[[ INFORMATION SHOWN, beginning ]]

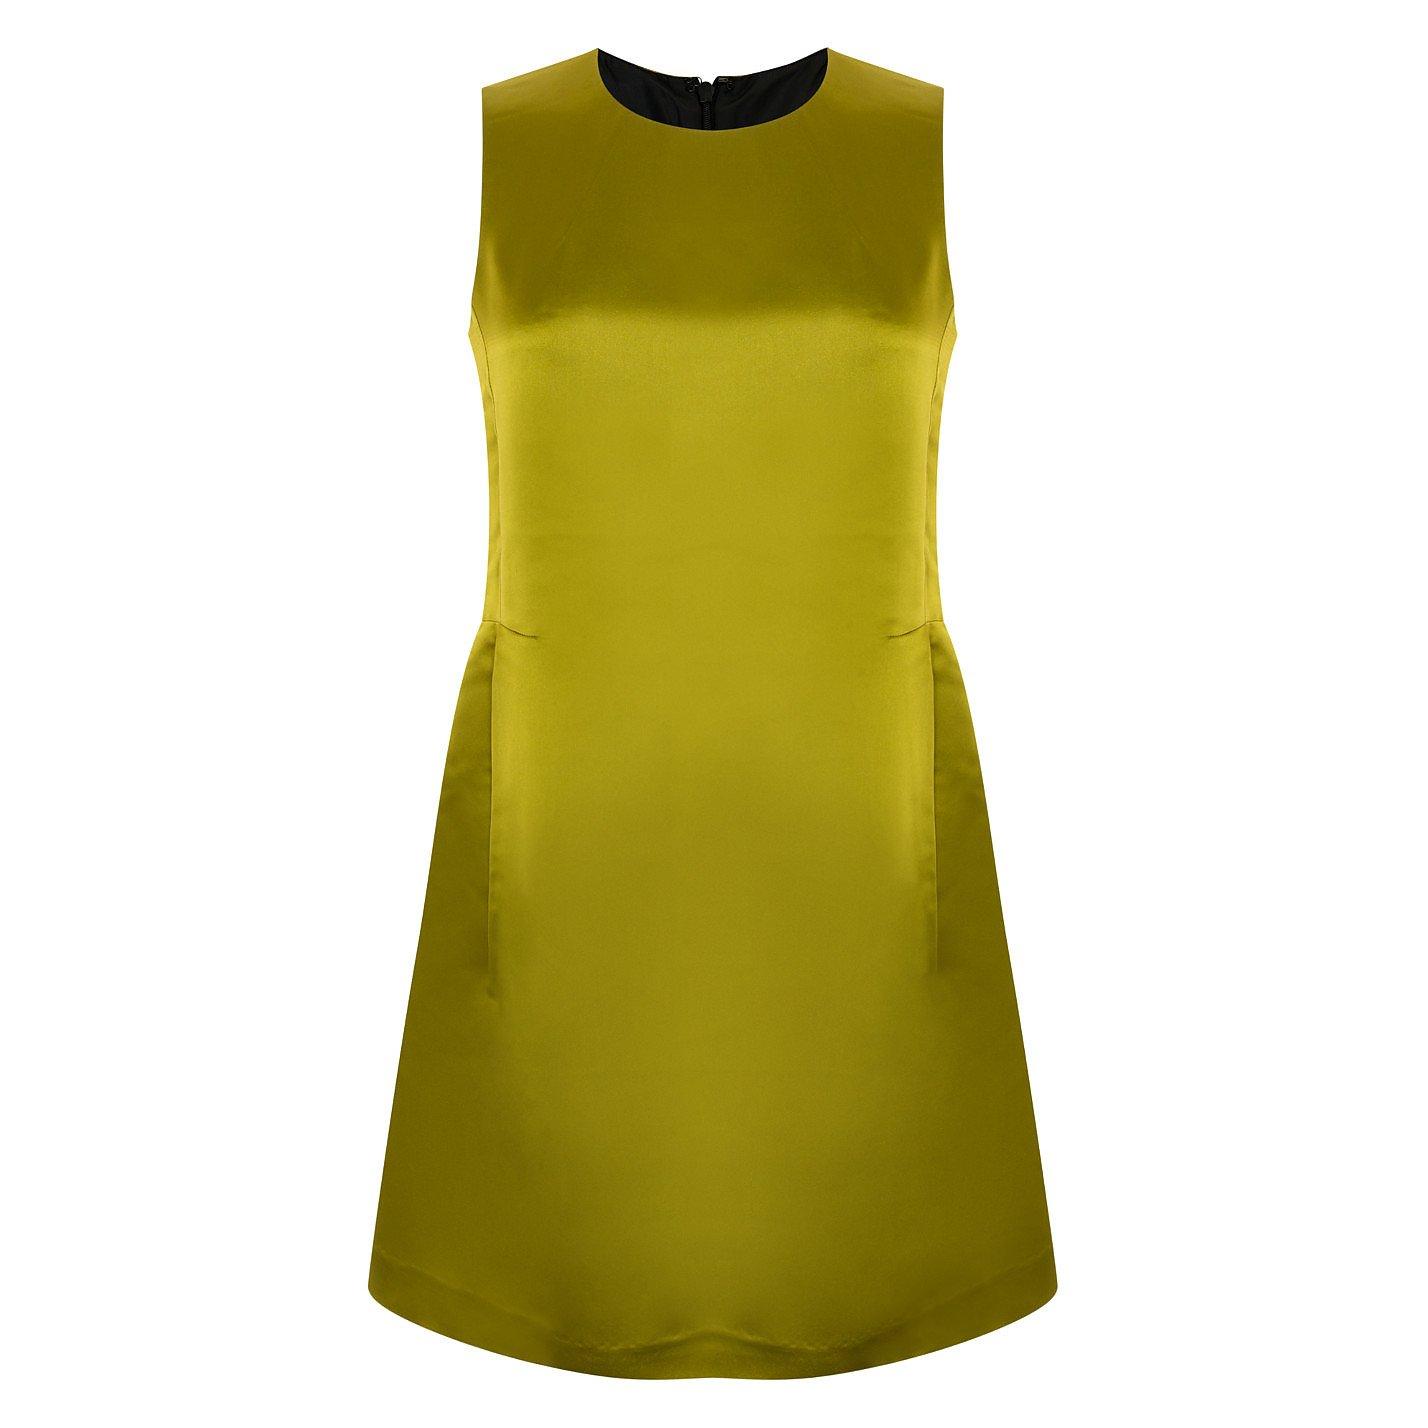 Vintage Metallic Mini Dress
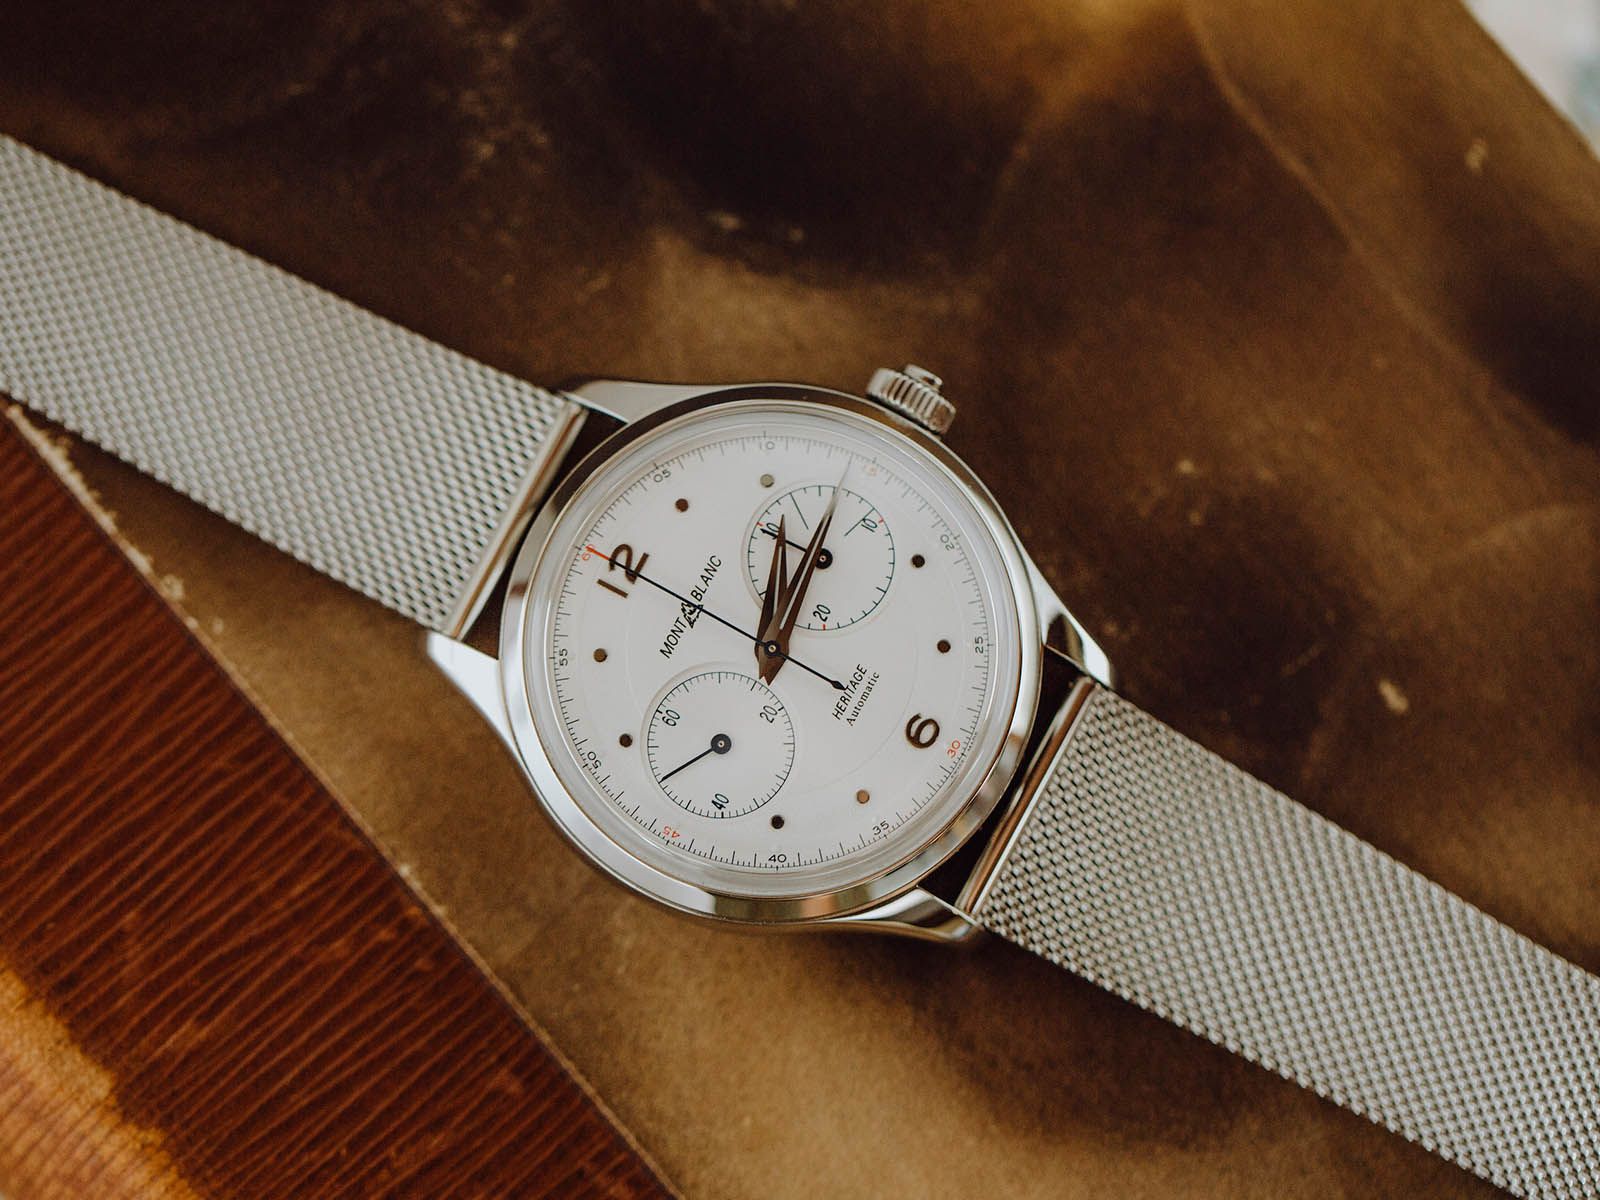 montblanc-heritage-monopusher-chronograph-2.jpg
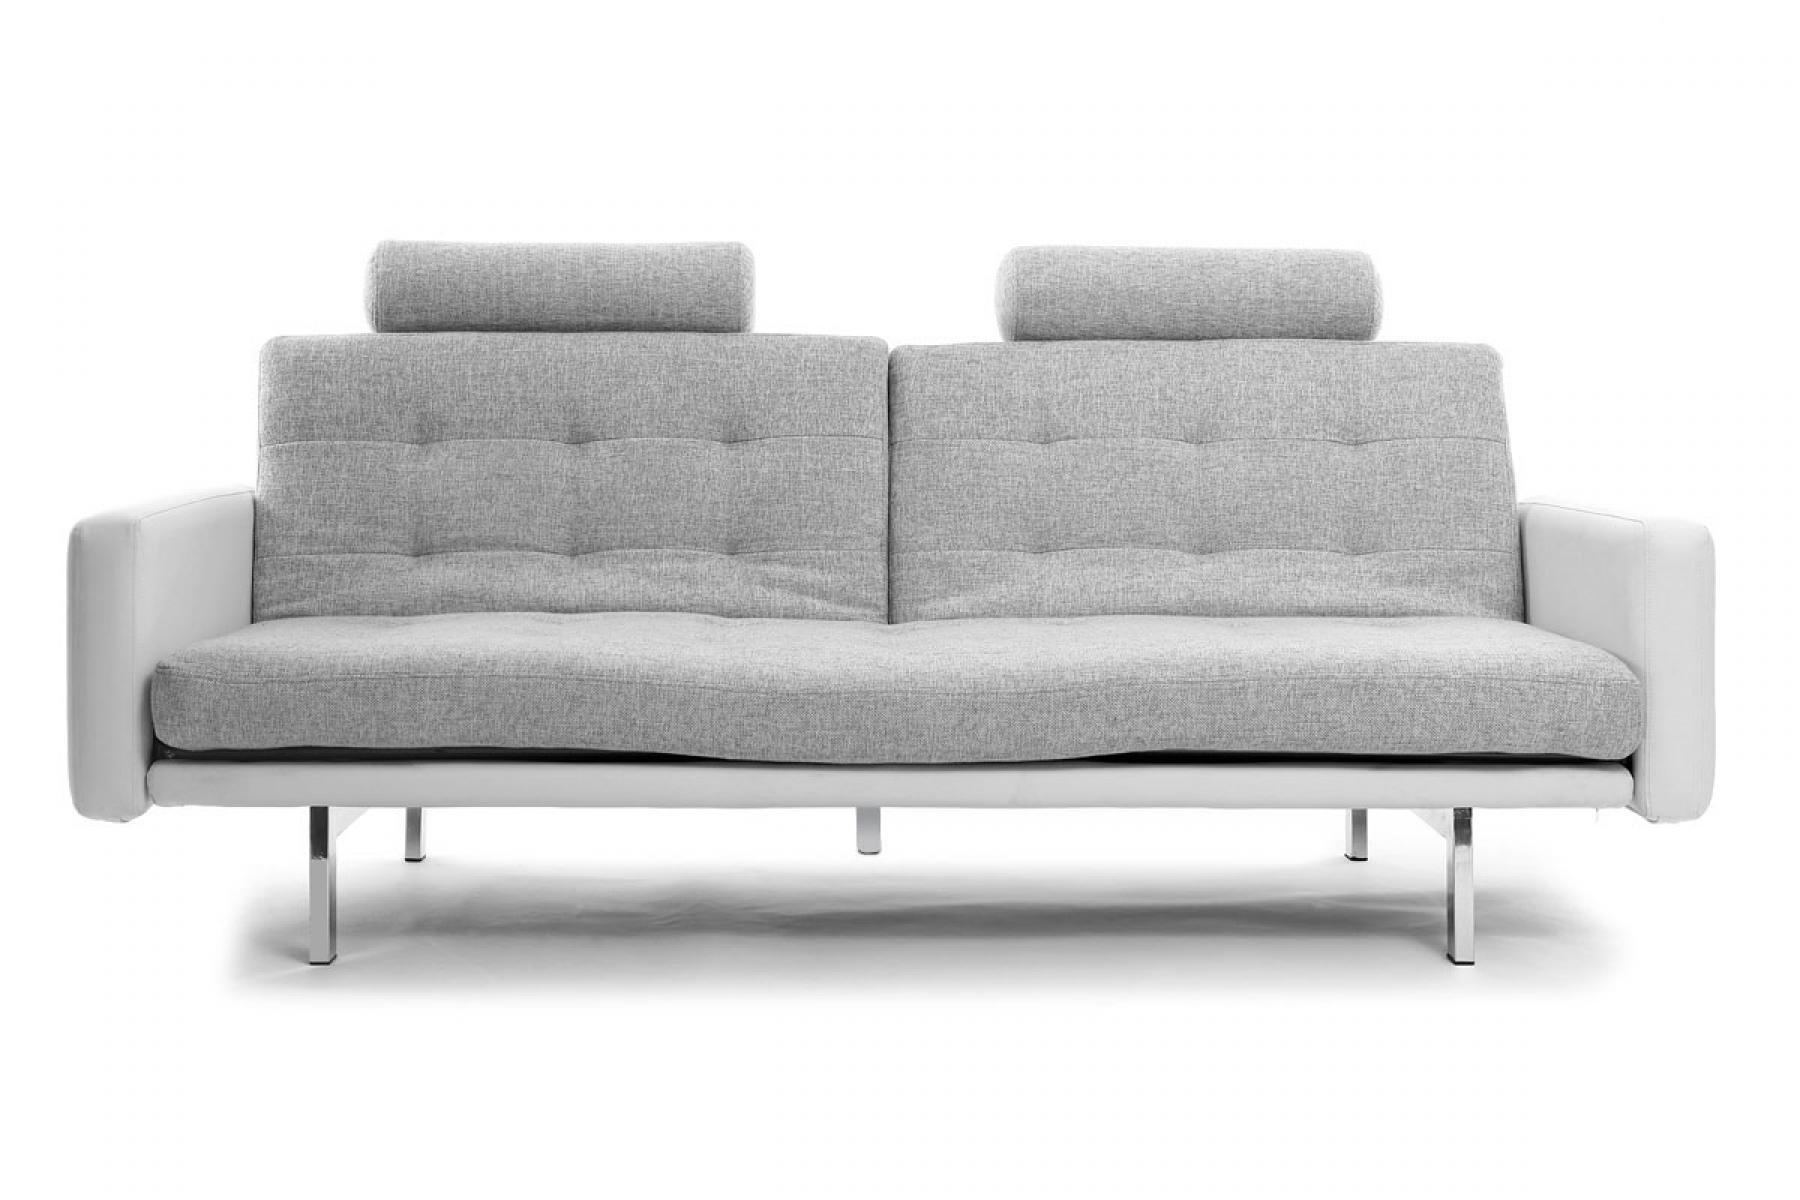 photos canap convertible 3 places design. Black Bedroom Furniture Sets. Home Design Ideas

[[ INFORMATION SHOWN, end ]]

Print the listing verbatim; no pictures.

 Vintage Metallic Mini Dress
 montblanc-heritage-monopusher-chronograph-2.jpg
 photos canap convertible 3 places design. Black Bedroom Furniture Sets. Home Design Ideas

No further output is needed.